Extract, clean, and normalize the EPACAMD-EIA crosswalk.
This module defines functions that read the raw EPACAMD-EIA crosswalk file and clean up the column names.
The crosswalk file was a joint effort on behalf on EPA and EIA and is published on the EPA’s github account at www.github.com/USEPA/camd-eia-crosswalk”. It’s a work in progress and worth noting that, at present, only pulls from 2018 data.
- pudl.glue.epacamd_eia.extract(ds: pudl.workspace.datastore.Datastore) pandas.DataFrame #
Extract the EPACAMD-EIA Crosswalk from the Datastore.
- pudl.glue.epacamd_eia.transform(epacamd_eia: pandas.DataFrame, generators_entity_eia: pandas.DataFrame, boilers_entity_eia: pandas.DataFrame, processing_all_eia_years: bool) dict[str, pandas.DataFrame] #
Clean up the EPACAMD-EIA Crosswalk file.
In its raw form, the crosswalk contains many fields.

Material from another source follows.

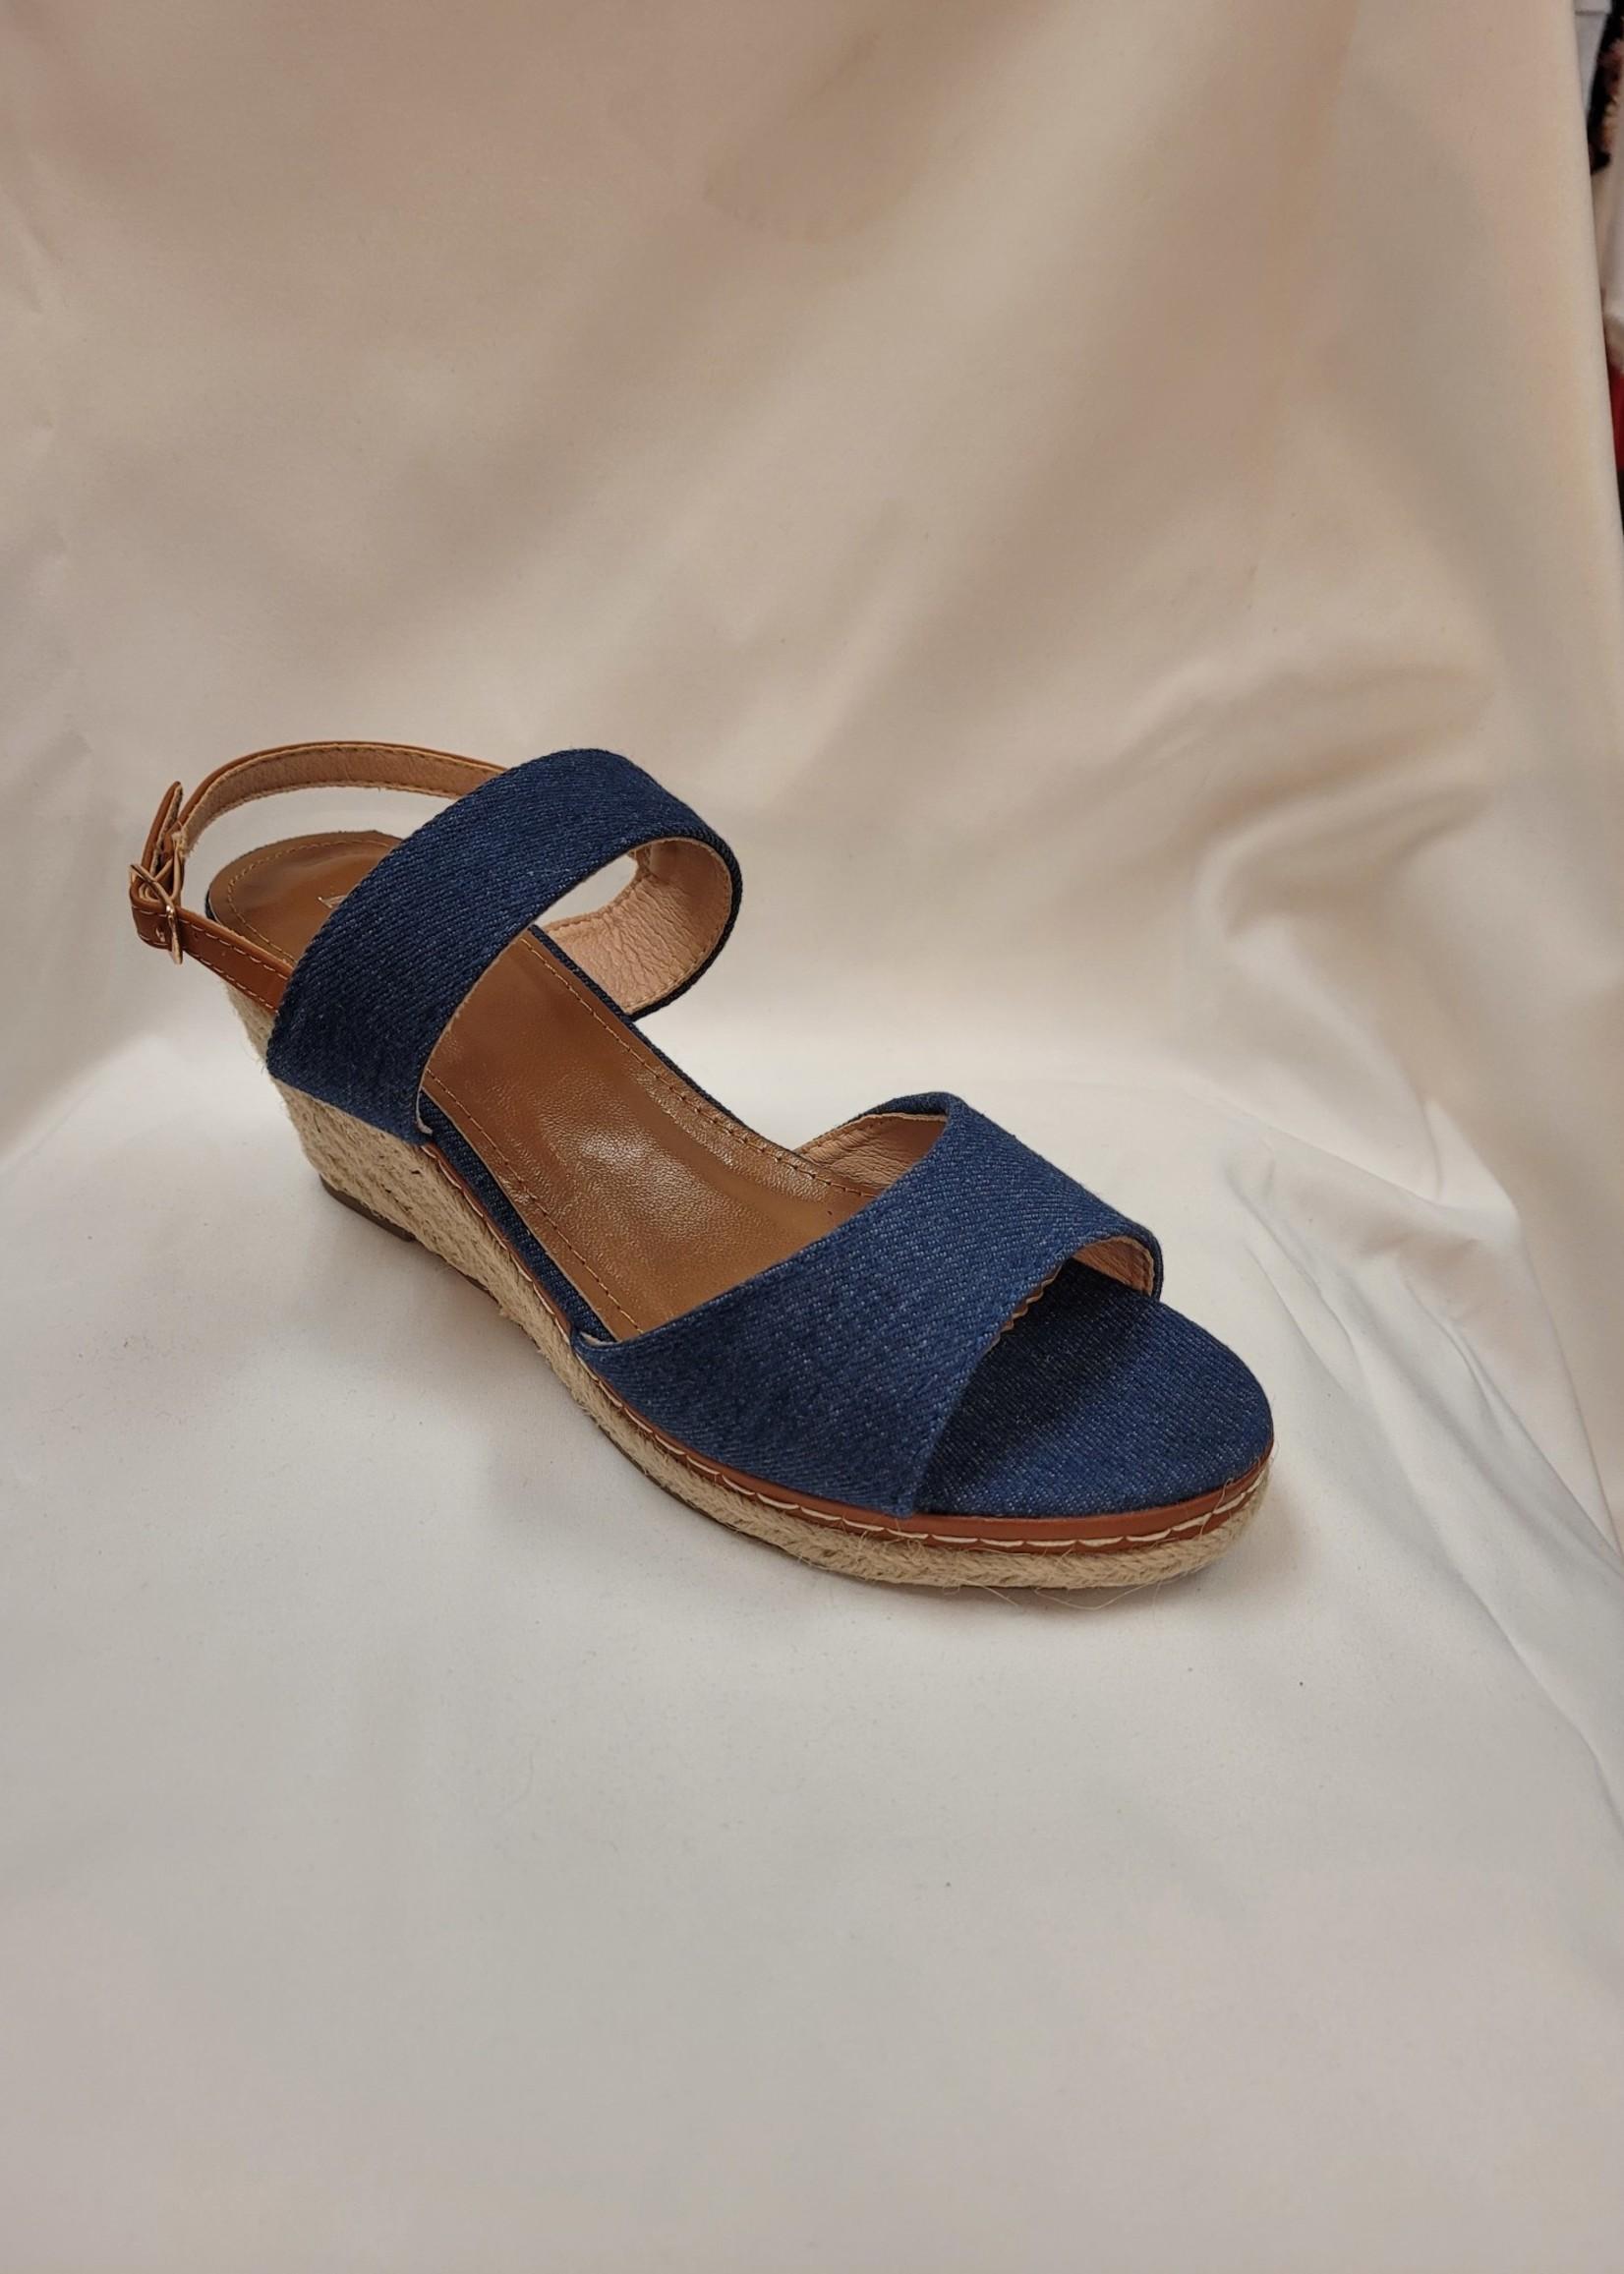 NYC wedge sandal

The transform process removes descriptive fields like state, location, facility name, capacity, operating status, and fuel type that can be found by linking this dataset to others already in the database. We’re primarily concerned with linking ids in this table, not including any other plant information.
The raw file contains several fields with the prefix MOD. These fields are used to create a single ID for matches with different spelling. For example, EIA_PLANT_ID (plant_id_eia in PUDL) has the generator ID CTG5 in EPA and GT5 in EIA. The MOD columns for both of these generators (MOD_CAMD_GENERATOR_ID, MOD_EIA_GENERATOR_ID_GEN) converts that value to 5. The MATCH_TYPE_GEN, MATCH_TYPE_BOILER, and PLANT_ID_CHANGE_FLAG fields indicate whether these MOD fields contain new information. Because we’re not concerned with creating a new, modified ID field for either EPA or EIA data, we don’t need these MOD or MATCH_TYPE columns in our final output. We just care which EPA value maps to which EIA value.

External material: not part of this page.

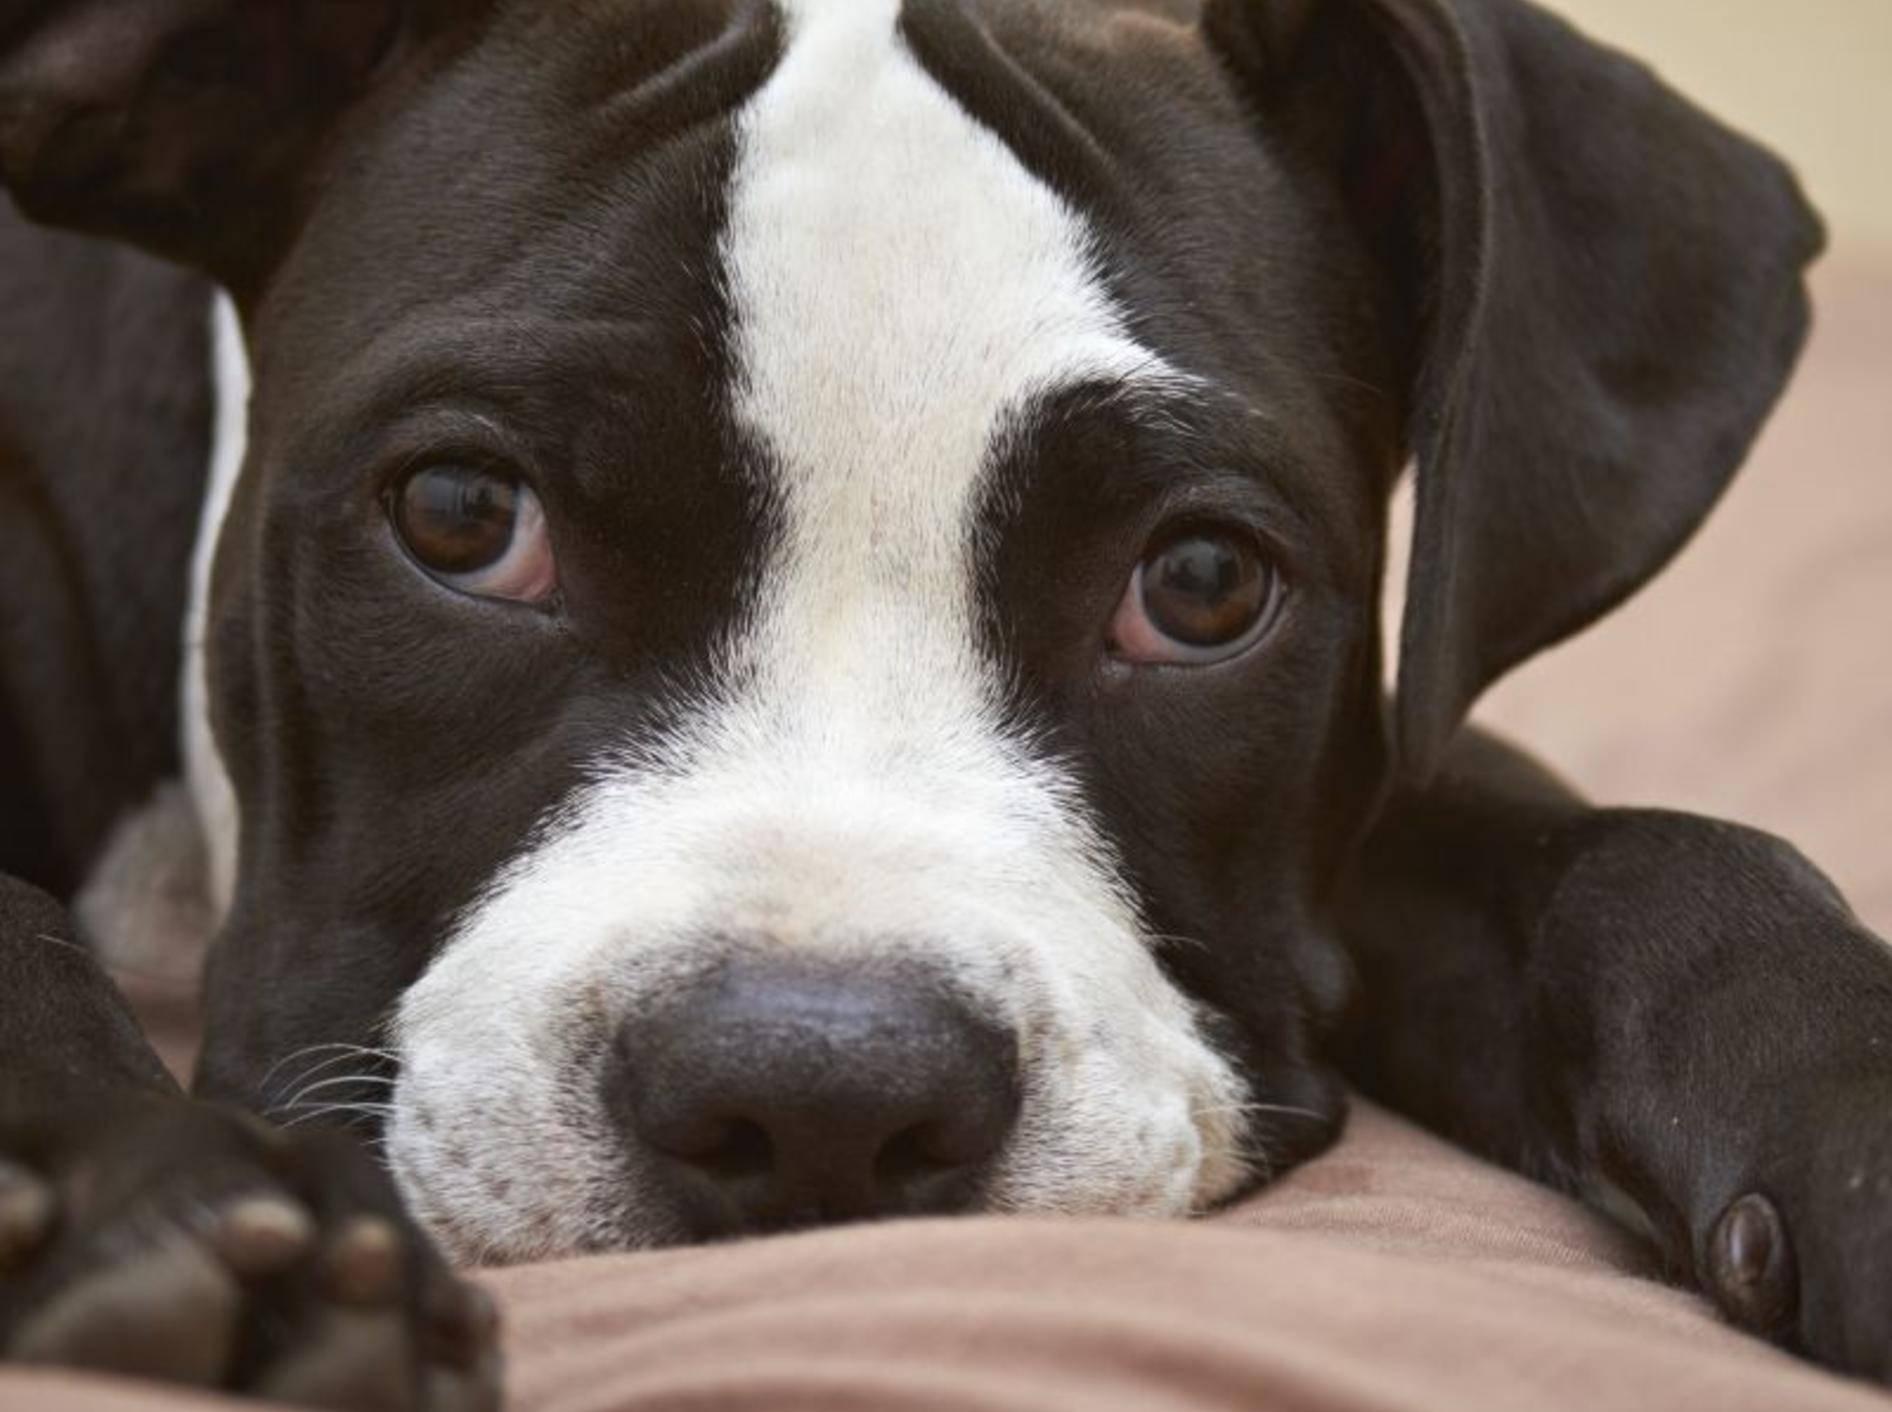 1. Pitbull Terrier — Bild: Shutterstock / dogboxstudio

In terms of cleaning, we implement the standard column name changes: lower-case, no special characters, and underscores instead of spaces. We also rename some of the columns for clarity and to match how they appear in the tables you will merge with. Besides standardizing datatypes (again for merge compatability) the only meaningful data alteration we employ here is removing leading zeros from numeric strings on the generator_id and emissions_unit_id_epa fields. This is because the same function is used to clean those same fields in all the other tables in which they appear. In order to merge properly, we need to clean the values in the crosswalk the same way. Lastly, we drop all rows without EIA_PLANT_ID (plant_id_eia) values because that means that they are unmatched and do not provide any useful information to users.
It’s important to note that the crosswalk is kept intact (and not seperated into smaller reference tables) because the relationship between the ids is not 1:1. For example, you can’t isolate the plant_id fields, drop duplicates, and call it a day. The plant discrepancies depend on which generator ids it’s referring to. This goes for all fields. Be careful, and do some due diligence before eliminating columns.
We talk more about the complexities regarding EPA “units” in our Data Source documentation page for EPACEMS: https://catalystcoop-pudl.readthedocs.io/en/dev/data_sources/epacems.html
It’s also important to note that the crosswalk is a static file: there is no year field. The plant_id_eia and generator_id fields, however, are foreign keys from an annualized table. If the fast ETL is run (on one year of data) the test will break because the crosswalk tables with plant_id_eia and generator_id contain values from various years. To keep the crosswalk in alignment with the available eia data, we’ll restrict it based on the generator entity table which has plant_id_eia and generator_id so long as it’s not using the full suite of avilable years. If it is, we don’t want to restrict the crosswalk so we can get warnings and errors from any foreign key discrepancies. This isn’t an ideal solution, but it works for now.
epacamd_eia – The result of running this module’s extract() function.
generators_entity_eia – The generators_entity_eia table.
boilers_entity_eia – The boilers_entitiy_eia table.
processing_all_years – A boolean indicating whether the years from the Eia860Settings object match the EIA860 working partitions. This indicates whether or not to restrict the crosswalk data so the tests don’t fail on foreign key restraints.
A dictionary containing the cleaned EPACAMD-EIA crosswalk DataFrame.